Этот, приезжий генерал, запомнился мне тогда и на всю жизнь: он откуда-то из штаба армии приехал, стоял по колено в воде у берега, угадывая, где примерно середина невода и орал, нервно заматывая штанины своих черных, семейных трусов в узел на палец, чуть повыше коленки:
- Солдаты встали справа, офицеры потянули быстрей!
История, на всю жизнь фотография! Там я чуть со смеху не умер от гремучей тупости такой команды: как могут офицеры потянуть побыстрей, если все бурлаки вперемешку и солдаты, как я понял, должны встать справа?

Рыбы, в Ладоге, по сравнению с нашим Балхашом - нет! С десяток сигов вытащили, которых они ладогой и назвали почему-то?
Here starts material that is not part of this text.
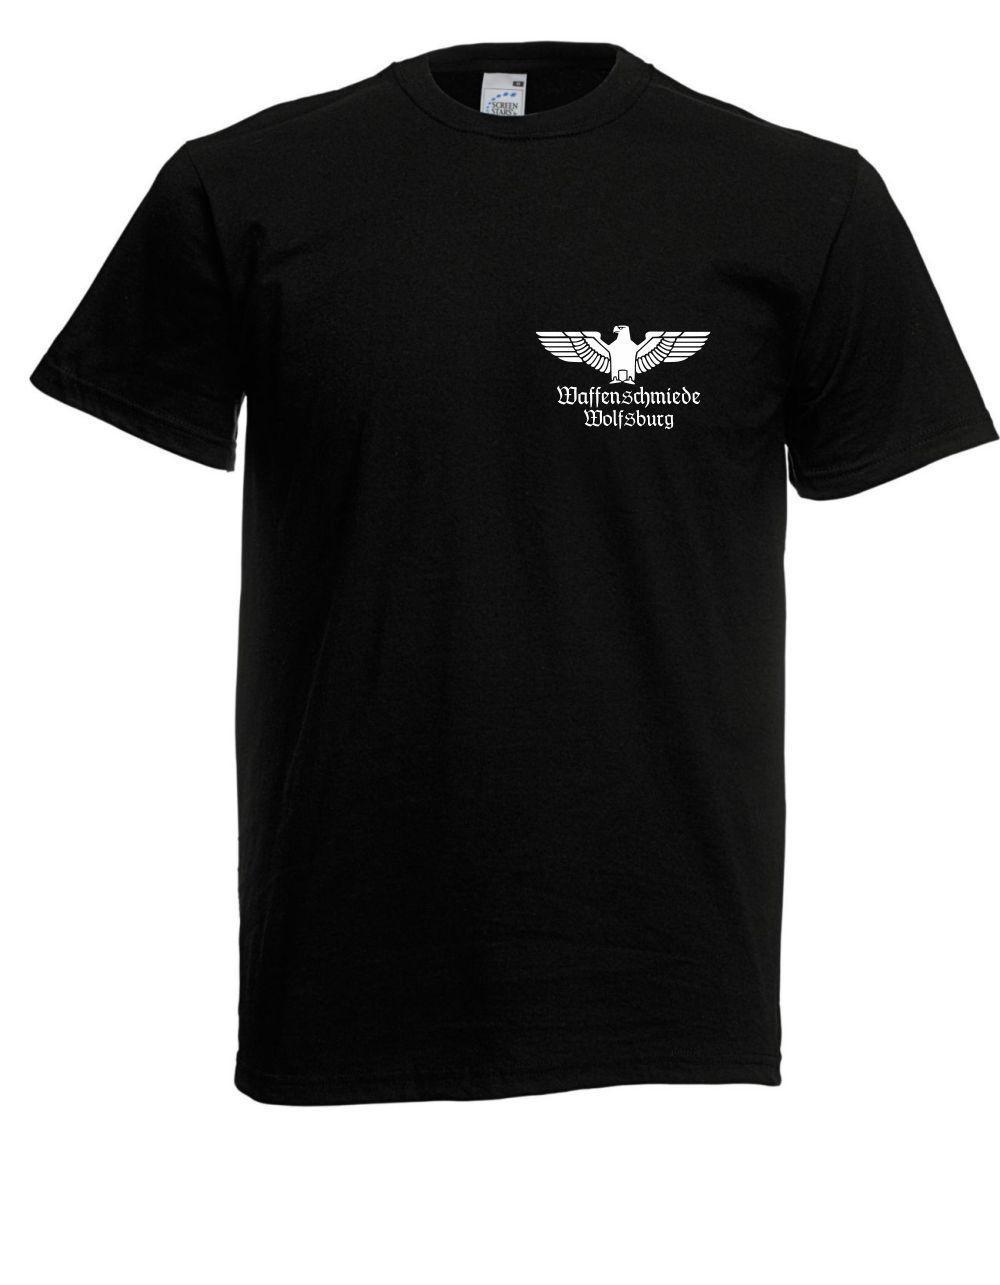 b3351089cf6f Men T Shirt 100% Cotton Print Shirts Herren T Shirt Waffenschmiede  Wolfsburg Front Ruckendruck Bis 5xl Tee Shirt Cheap T Shirts For Sale  Online One Day Only ...

Три раза закидывали и тащили этот невод до посинения кожи на руках и треска в позвоночнике: народ прыгал от счастья, что на уху - есть!
Да там рыбы и не должно быть - песок голимый, как на пляже, никаких водорослей: какая рыба сюда придет? Хотя, говорят, что рыбы в Ладоге много, столько много, что даже тюлени есть. Но, я не видал ни тюленей, ни рыбы - место, наверное, не то выбрали...

"Такой невод, на нашем Балхаше, назад без трактора, мы бы и не вытянули: тонны три, обещаю, в этот невод по-налезло бы рыбы! Невод-то - сто двадцать метров! У нас судак, совсем не рыба - дрова! Он лежал бы в неводе чурбаками пудовыми! Его у нас и едят-то неохотно: его обшпаривают кипятком и кидают курям, свиньям и разным другим цыплятам вместо корма. У нас сазан, карп, сом через три года жизни под десять кило выходят: солнце и тепло - они делают всё! Теплая вода, а значит и водоросли - корма для рыб и их роста всегда в достатке."
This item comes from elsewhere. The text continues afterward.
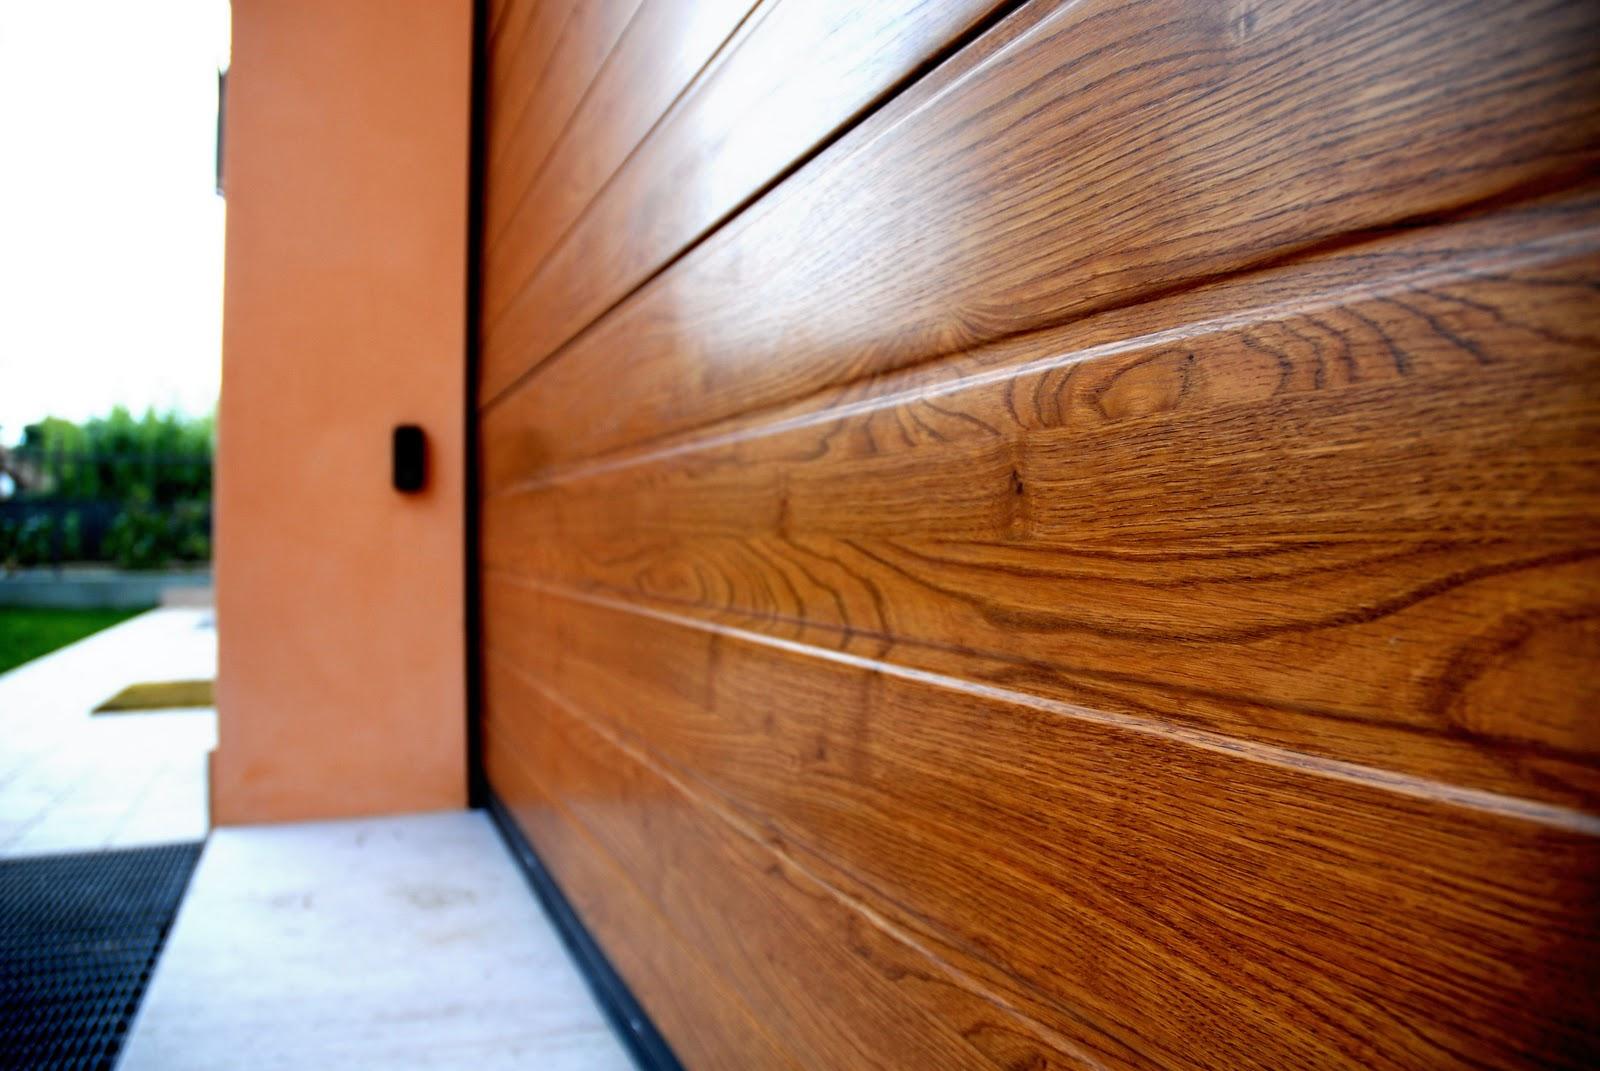 Impregnante per legno: perchè non usarlo - artedelrestauro.it

Суть не в этом, это я так, размечтался, вспомнив наше казахстанское тепло, а суть в том, что Юхимчук, довольный такой рыбалкой и нашей слаженностью в тяге невода, хорошо поддал и, видать там, где генерал, его никто не слушал, а сидеть и поддакивать он не умеет, но поговорить ему охота, вот он и пришел к нам, принес полведра ухи, сел рядом со мной и много говорил для чего мы служим и что нас ждёт  впереди...

Потихоньку все разбрелись и мы остались с ним вдвоем - он любил, чтобы его слушали! Тут он и заговорил, расширяя военную тему:
- Войну мы проиграем, вначале. Как и всегда проигрывали...

Пусть он и пил, но рассуждал он реально, пусть и с юмором, но он никогда и ничего не утверждал, но размышлял, прогнозируя и представляя будущее...

Я пришел в армию в двадцать два года и смотрел на жизнь уже не так, как в восемнадцать, а с каким-то всё же опытом: она не большая, эта разница, но в голове уже что-то есть, что принуждает вспоминать и соображать, оценивать суть и примерные будущие ситуации.
Приказ есть приказ, но и исполнить его, хоть и присягу давал, надо подумать, а не слепо следовать приказу: возможно, наткнувшись на идиотизм и тупое служение приказавшего, даже и отступить от него надо, иначе, это может стать  преступлением. Было и такое: приказали - выполнил, пошел под суд! Действий выполнившего приказ не оправдывает приказ дурака - загремели оба, а тот, кто выполнил, получил не срок, а сразу два срока, относительно приказавшего.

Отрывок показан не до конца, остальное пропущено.